Images are not part of the copy; transcribe all the data exactly.

Supplied material |
++++++
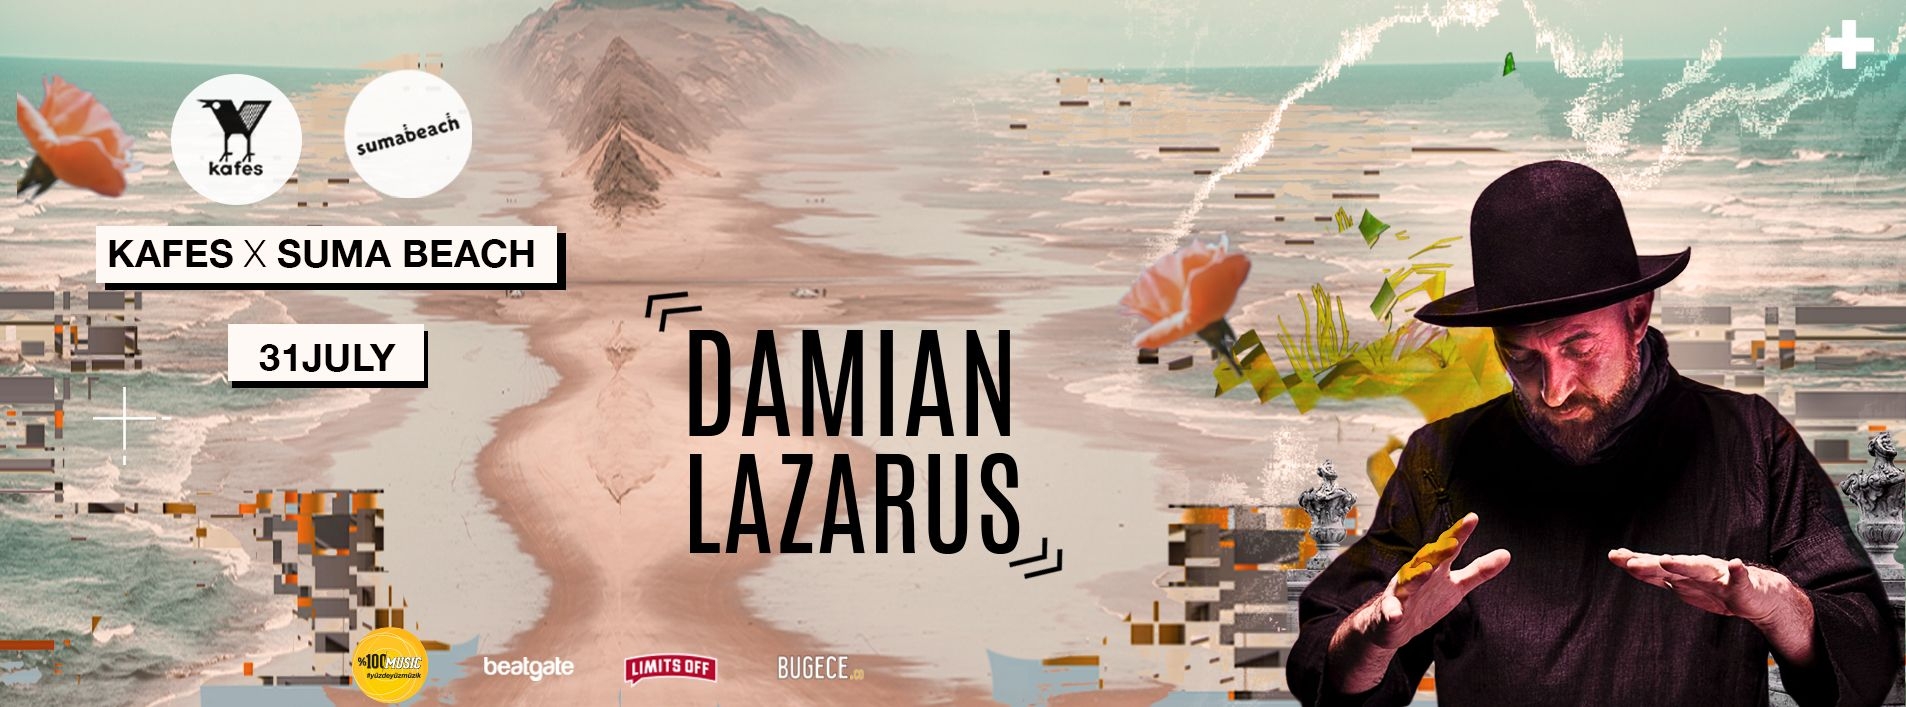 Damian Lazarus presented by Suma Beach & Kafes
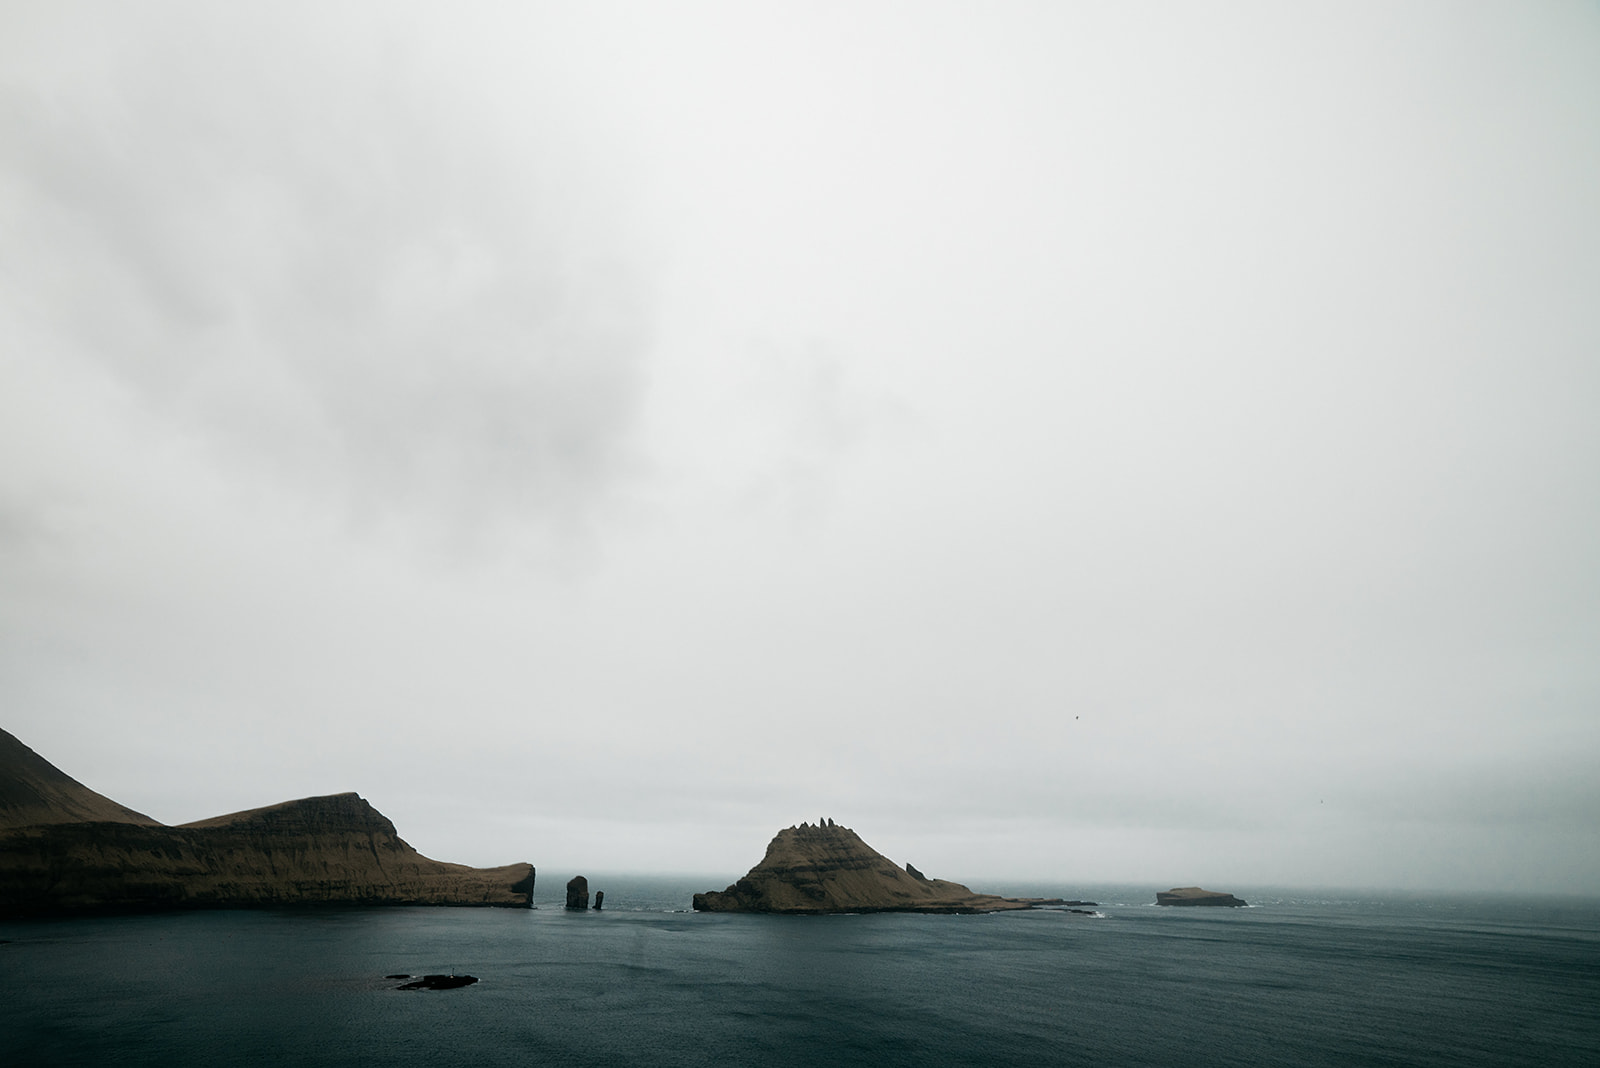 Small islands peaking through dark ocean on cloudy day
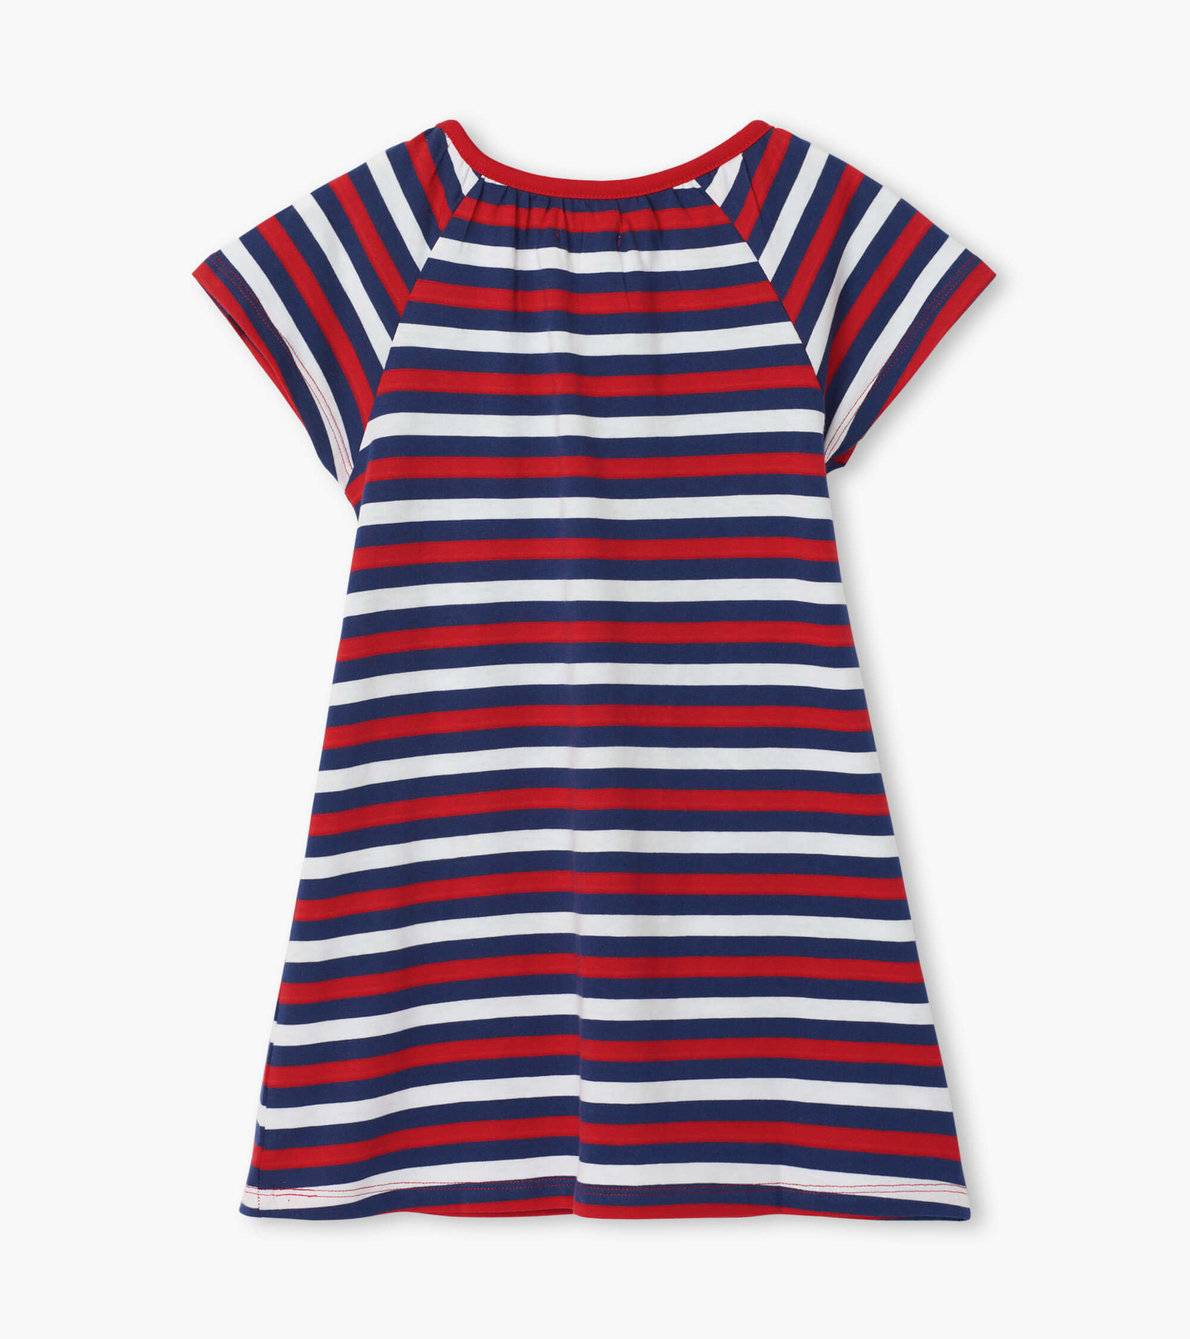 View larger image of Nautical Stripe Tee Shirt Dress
++++++
Expected output |
 Damian Lazarus presented by Suma Beach & Kafes
 Small islands peaking through dark ocean on cloudy day
 View larger image of Nautical Stripe Tee Shirt Dress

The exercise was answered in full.